# Task item:
Word for word, output every line of the material below, minus pictures.

# Stored data:
· · · · · · ·

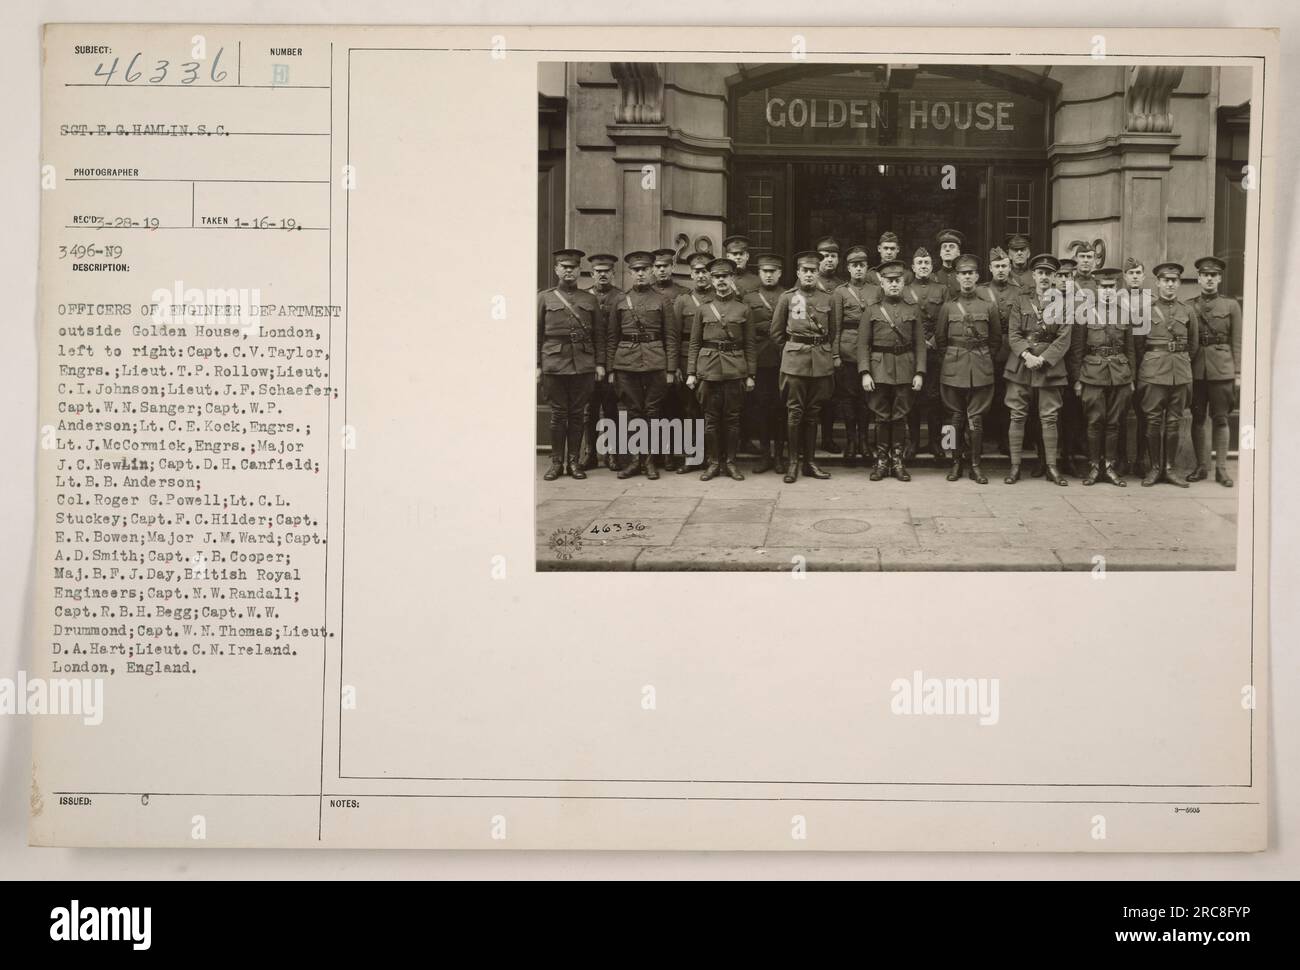 Officers of the Engineer Department are seen outside the Golden House in London. The image was taken on January 16, 1919. The officers, from left to right, are: Captain C.V. Taylor, Lieutenant T.P. Rollow, Lieutenant C.I. Johnson, Lieutenant J. F. Schaefer, Captain W. N. Sanger, Captain W. P. Anderson, Lieutenant C. E. Kock, Lieutenant J. McCormick, Major J.C. Newlin, Captain D. H. Canfield, Lieutenant B. B. Anderson, Colonel Roger G. Powell, Lieutenant C. L. Stuckey, Captain F. C. Hilder, Captain E. R. Bowen, Major J.M. Ward, Captain A.D. Smith, Captain J. B. Cooper, Major B.P.J.Day of the Br Stock Photo
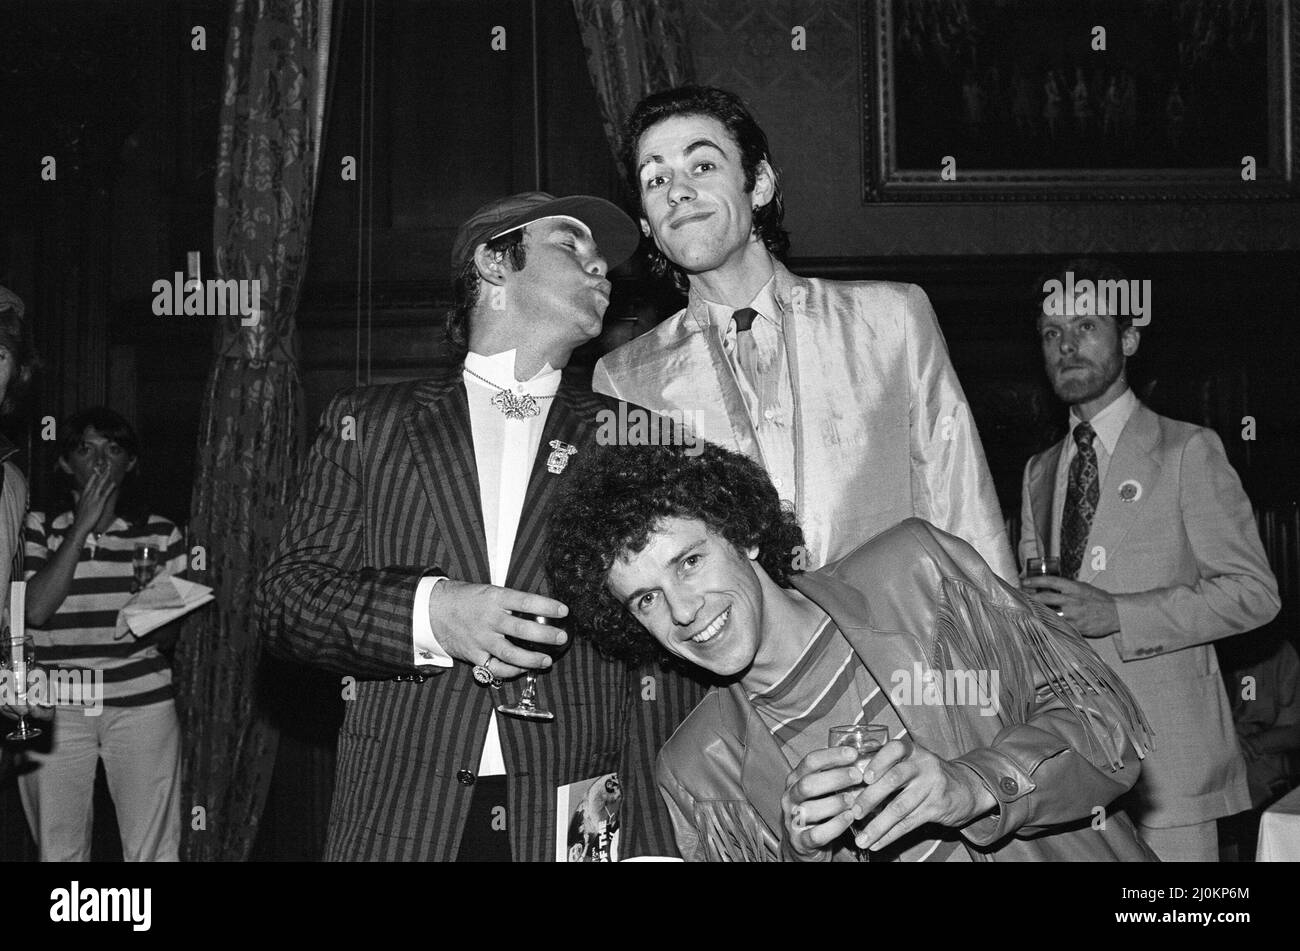 Elton John, Bob Geldof and Leo Sayer attending a House of Commons reception, invited along with other pop stars by the Minister for the Arts, Norman St John-Stevas. 3rd August 1980. Stock Photo
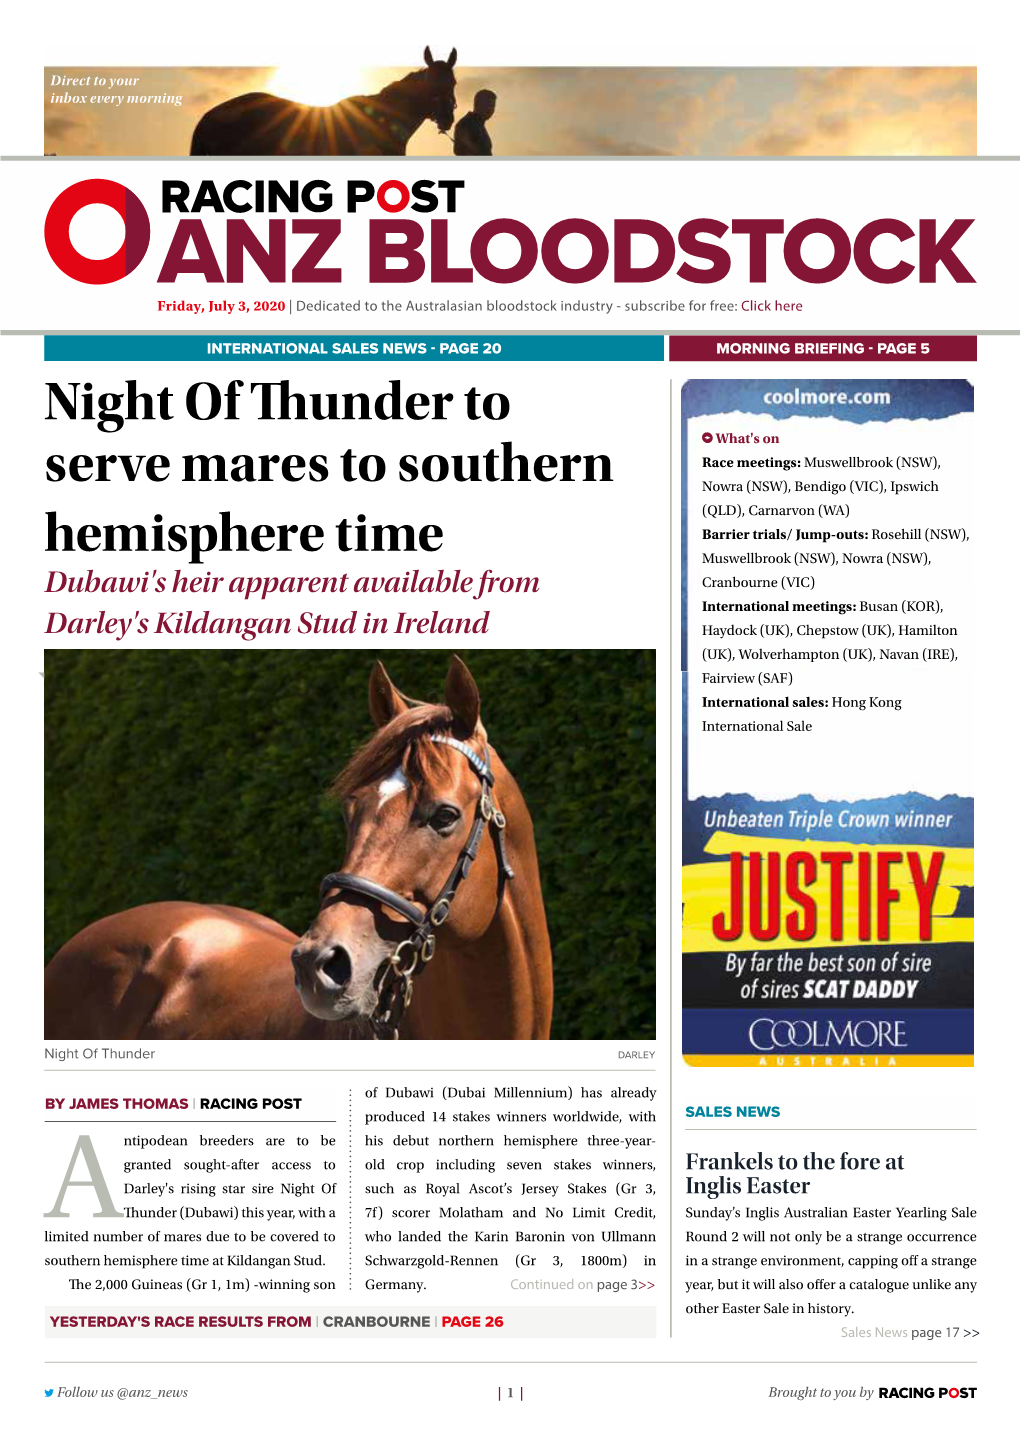 Night of Thunder to Serve Mares to Southern Hemisphere Time | 3 | Friday, July 3, 2020

· · · · · · ·

# Reply:
 Officers of the Engineer Department are seen outside the Golden House in London. The image was taken on January 16, 1919. The officers, from left to right, are: Captain C.V. Taylor, Lieutenant T.P. Rollow, Lieutenant C.I. Johnson, Lieutenant J. F. Schaefer, Captain W. N. Sanger, Captain W. P. Anderson, Lieutenant C. E. Kock, Lieutenant J. McCormick, Major J.C. Newlin, Captain D. H. Canfield, Lieutenant B. B. Anderson, Colonel Roger G. Powell, Lieutenant C. L. Stuckey, Captain F. C. Hilder, Captain E. R. Bowen, Major J.M. Ward, Captain A.D. Smith, Captain J. B. Cooper, Major B.P.J.Day of the Br Stock Photo
 Elton John, Bob Geldof and Leo Sayer attending a House of Commons reception, invited along with other pop stars by the Minister for the Arts, Norman St John-Stevas. 3rd August 1980. Stock Photo
 Night of Thunder to Serve Mares to Southern Hemisphere Time | 3 | Friday, July 3, 2020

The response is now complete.